Preliminary remark: “zk-friendliness” of a hash function is not a purely intrinsic property - it depends on design/efficiency of the underlying AIRs (at least in the context of STARKs). AIR efficiency can vary by orders of magnitude, and of course AIR design depends on the particular proving protocol and implementation (it’s a bit of an art).

To start with some names, Blake, Pedersen, and Poseidon are all used in production rollups (e.g Starknet).

  1. Blake (like keccak and sha256) consists of many bitwise operations so it’s very execution friendly. From the zk perspective, bitwise operations are only native to binary fields, which are not commonly used at the moment (neither for EC nor for STARKs). Hence Blake isn’t zk-native. As remarked above, zk-friendliness depends on the ambient proving protocol and implementation.
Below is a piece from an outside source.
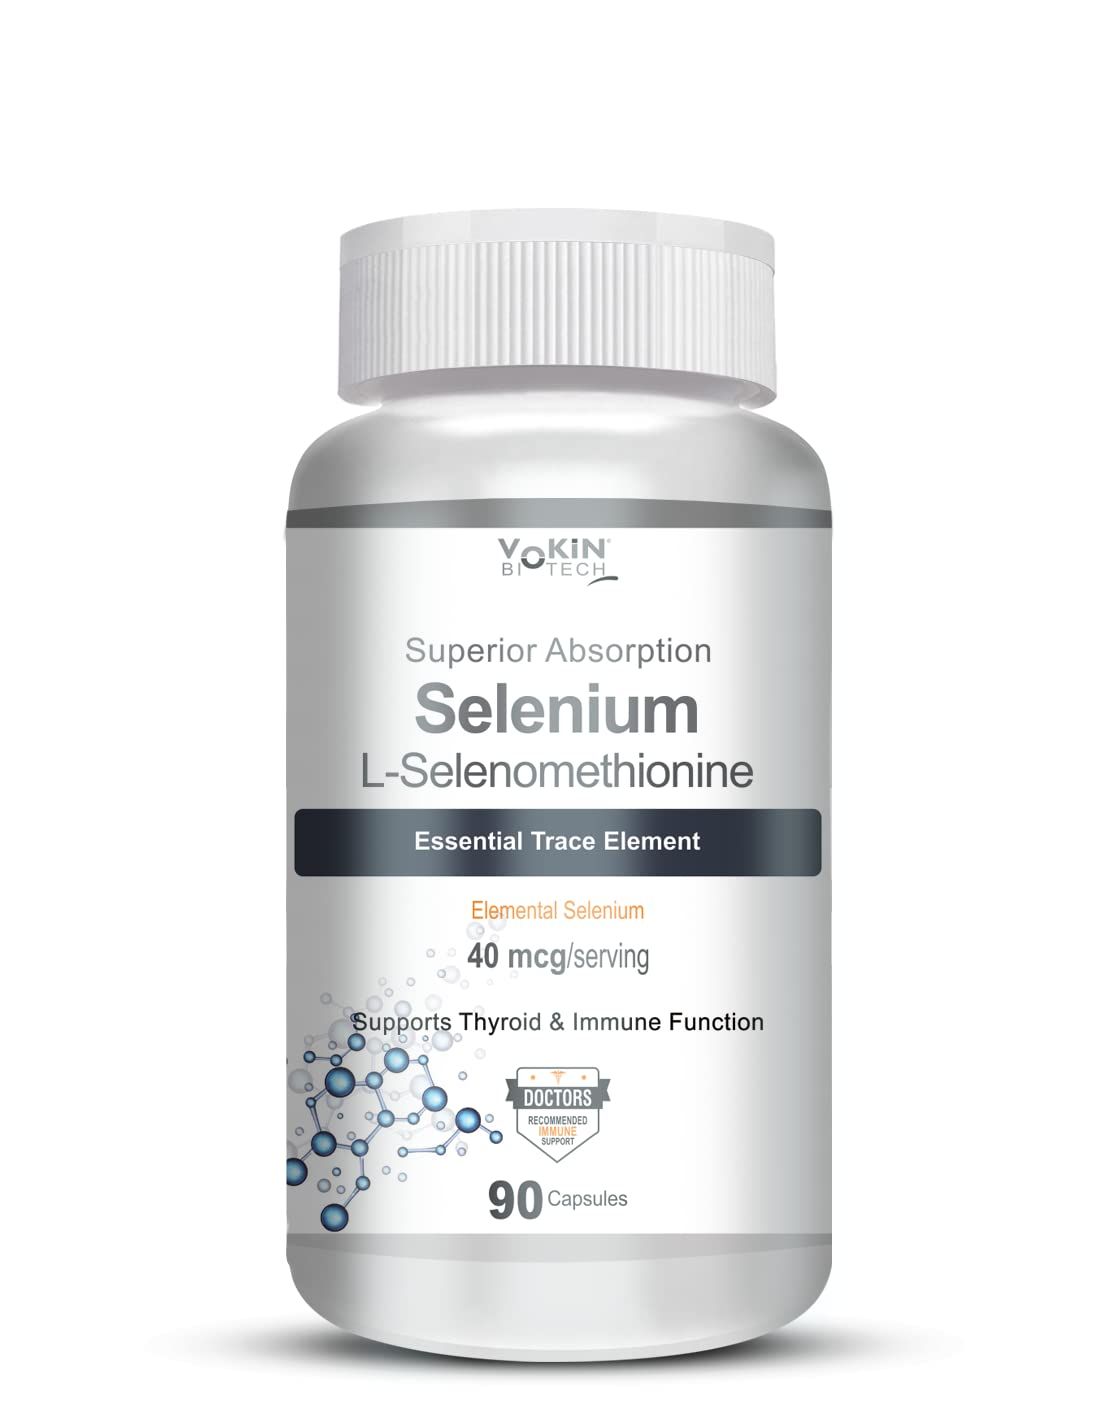 Vokin Biotech Selenium Capsules Image

There’s a very efficient AIR for the Stwo prover for STARKs over Mersenne 31.

  2. Pedersen (roughly) takes two felts, concatenates them, and returns the associated multiple of some EC generator. It’s relatively zk-friendly if your proving protocol works over the same field. Pedersen lacks entropy in small fields such as Mersenne 31 and consequently isn’t secure in the naive approach. On the other hand, proving is much more efficient over small fields. There’s a middle ground if you use ECs over an extension field, but then you’re losing proving efficiency due to the overhead of representing EC ops using base felts. Note EC ops are also relatively heavy to execute.

  3. Poseidon takes a vector of felts and returns another via sequences of matrix multiplications and pointwise powers and additions. Hence it’s very execution-friendly and also quite zk-friendly assuming efficient AIRs. It also has plenty of entropy so it can be used over smaller fields. If you want a secure zk-friendly hash compatible with small fields, I think this is the best option.

I’d choose between Blake and small-field Poseidon depending on whether you want to optimize for execution time or proving time.